The Problem
Your customer-support bot answers the same handful of questions hundreds of times a day—"What is your return policy?", "How do I return an item?", "What's your policy on returns?"—and every single one triggers a fresh LLM call. These semantically identical questions waste tokens and add latency. Your job is to add a semantic caching layer that recognizes when a new question is similar enough to a previously answered one and serves the cached response instantly, at zero token cost.
Examples
Example 1
User input sequence: "What is your return policy?" → "How do I return an item?" → "What's your policy on returns?"
Current (bad) output: Three separate LLM calls, each taking ~1 second and costing tokens. All three get slightly different phrasings of the same answer.
Expected (good) output: The first query calls the LLM and caches the response. The second and third queries are recognized as semantically similar (cosine similarity > 0.95), so the cached response is returned in under 10ms with zero token cost. Output shows: "[CACHE HIT — 0.003s] Our return policy allows…"
Example 2
User input sequence: "Do you offer free shipping?" → "Is shipping free?" → "Do you ship for free?"
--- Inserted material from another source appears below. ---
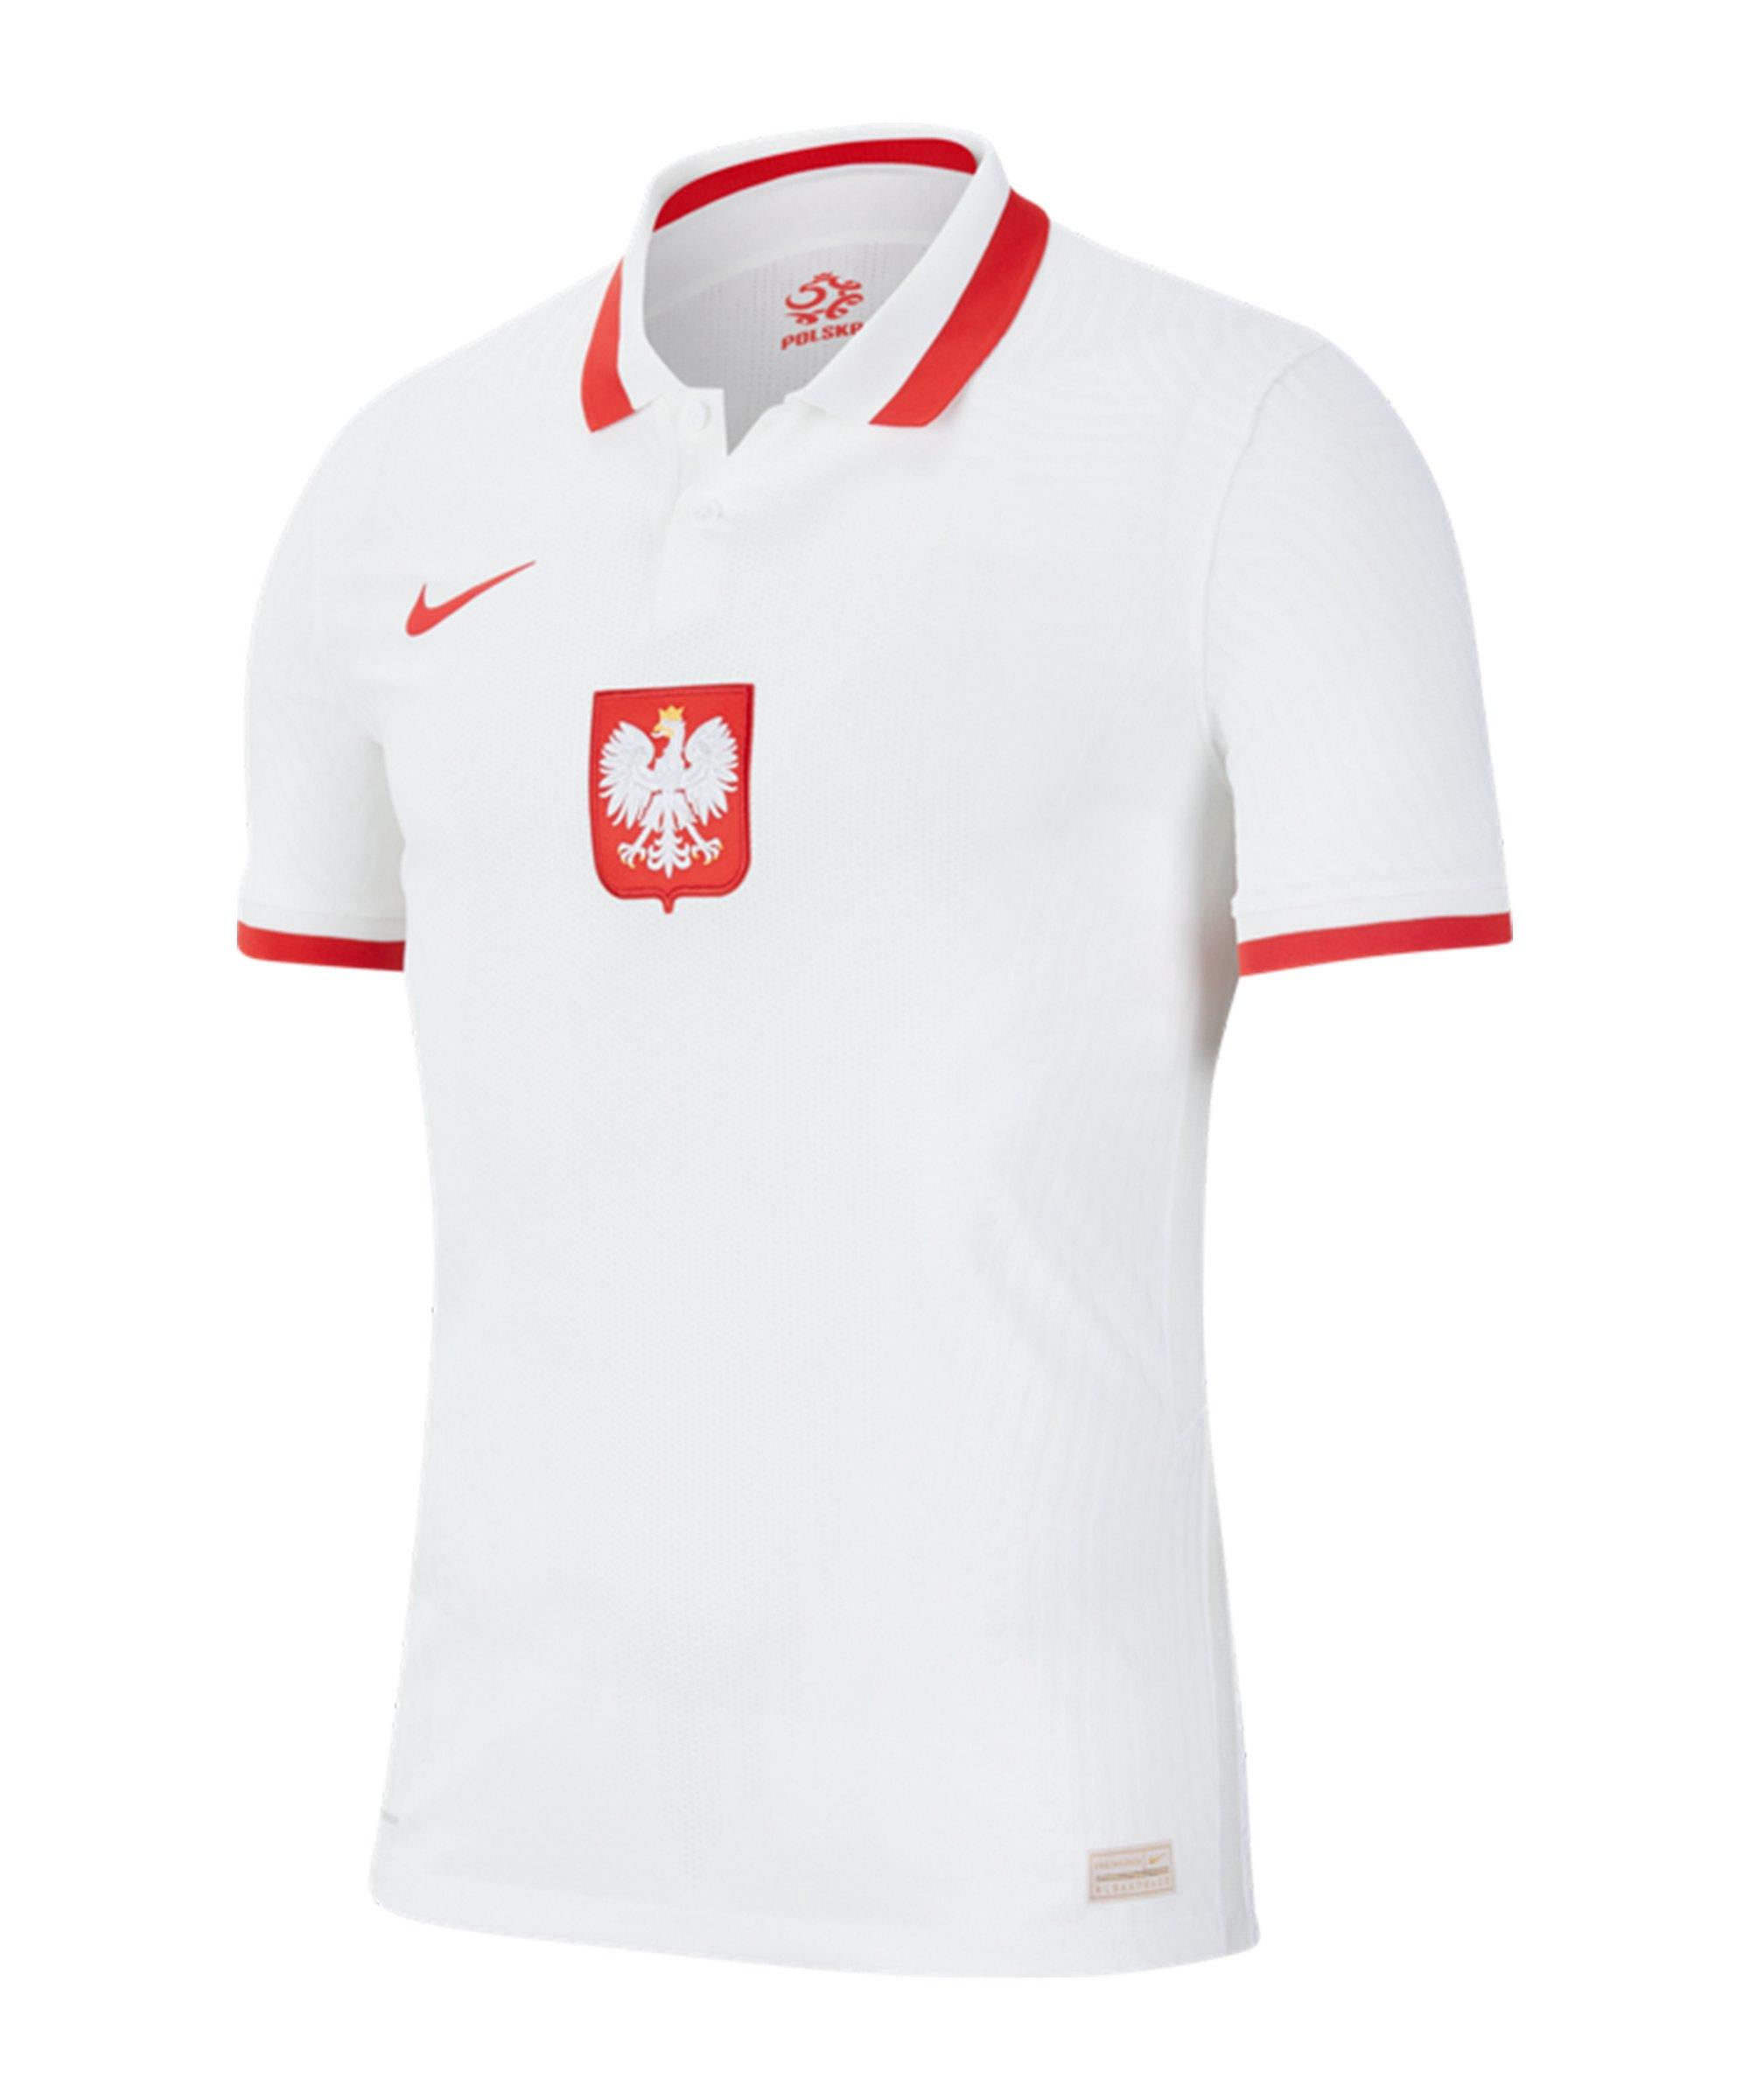 Nike Polen Auth. Trikot Home EM 2020 Weiss F100 - weiss
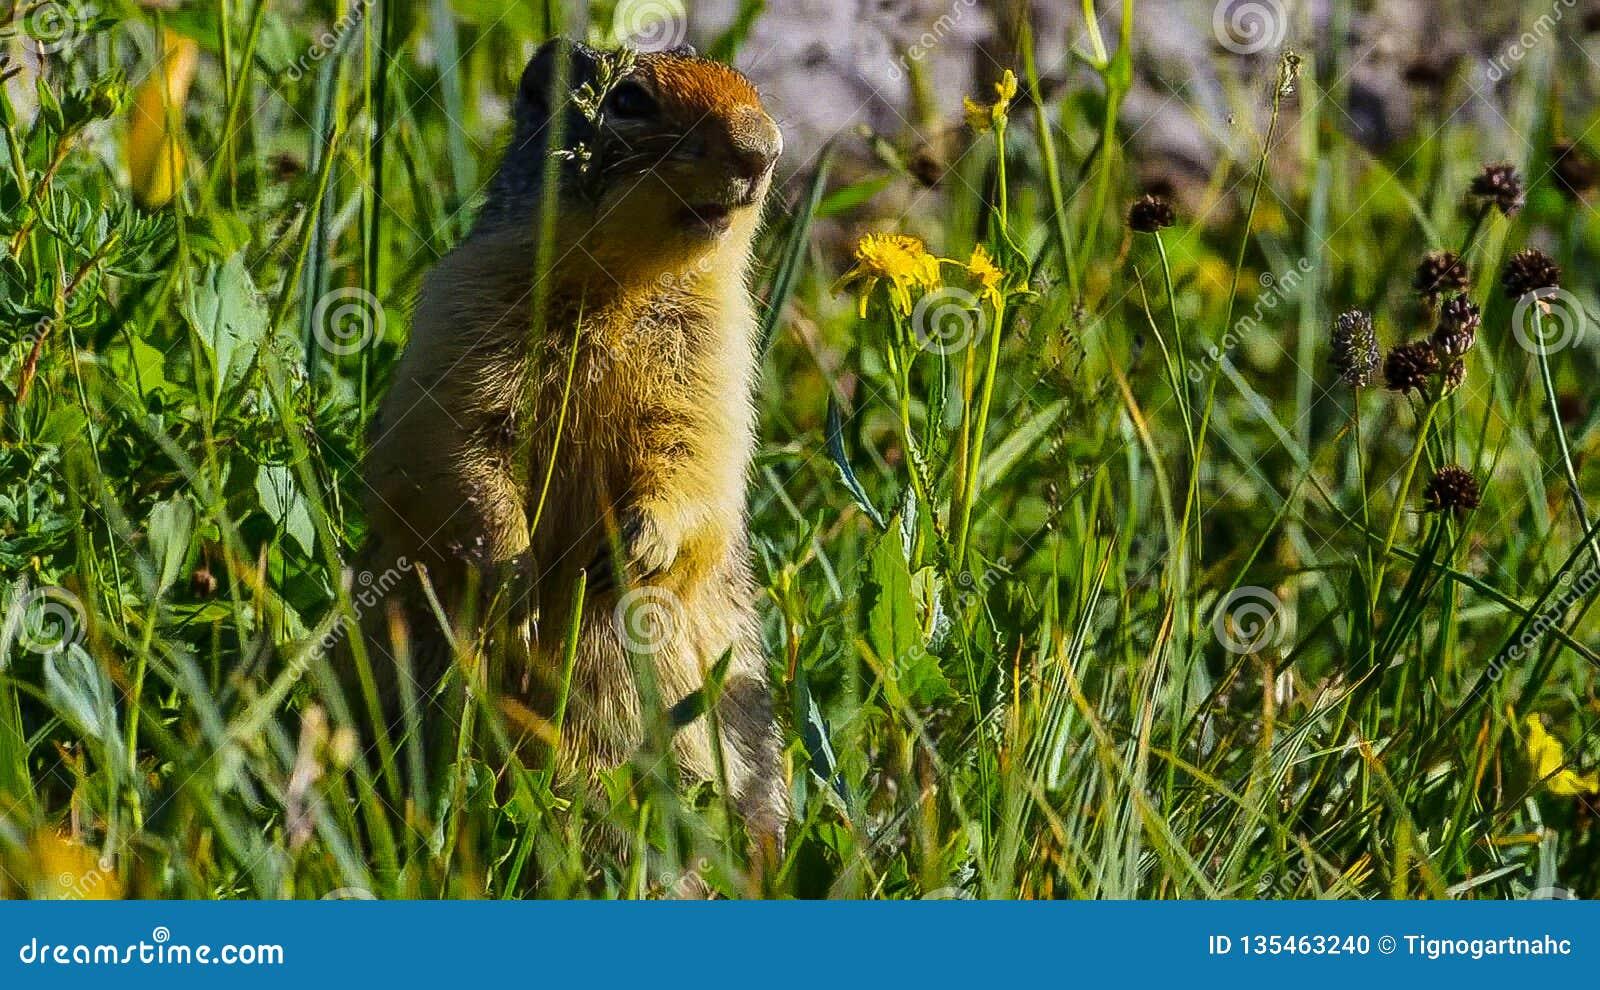 Высокогорный marmota Marmota сурка вид сурка найденный в горных областях централи и Южной Европы

Current (bad) output: Three LLM calls for what is essentially the same question.
Expected (good) output: One LLM call, two cache hits. The response time drops from ~1s to under 10ms for cached answers. Total cost is roughly 1/3 of the original.
Your Task
Modify the starter code so that:
- A semantic cache stores query-response pairs indexed by query embeddings.
- New queries are compared against cached queries using cosine similarity.
- Queries above a similarity threshold return the cached response without calling the LLM.
- The cache has a configurable max size or TTL to prevent unbounded growth.
Evaluation
Submissions are checked for the following:
- Cache hit on similar queries: Semantically similar queries return cached responses without calling the LLM.
- Faster on cache hit: Cache hits are significantly faster than LLM calls.
- Zero token cost on hit: Cached responses incur no LLM token cost.
- Bounded cache size: The cache has a configurable TTL or max size to prevent unbounded growth.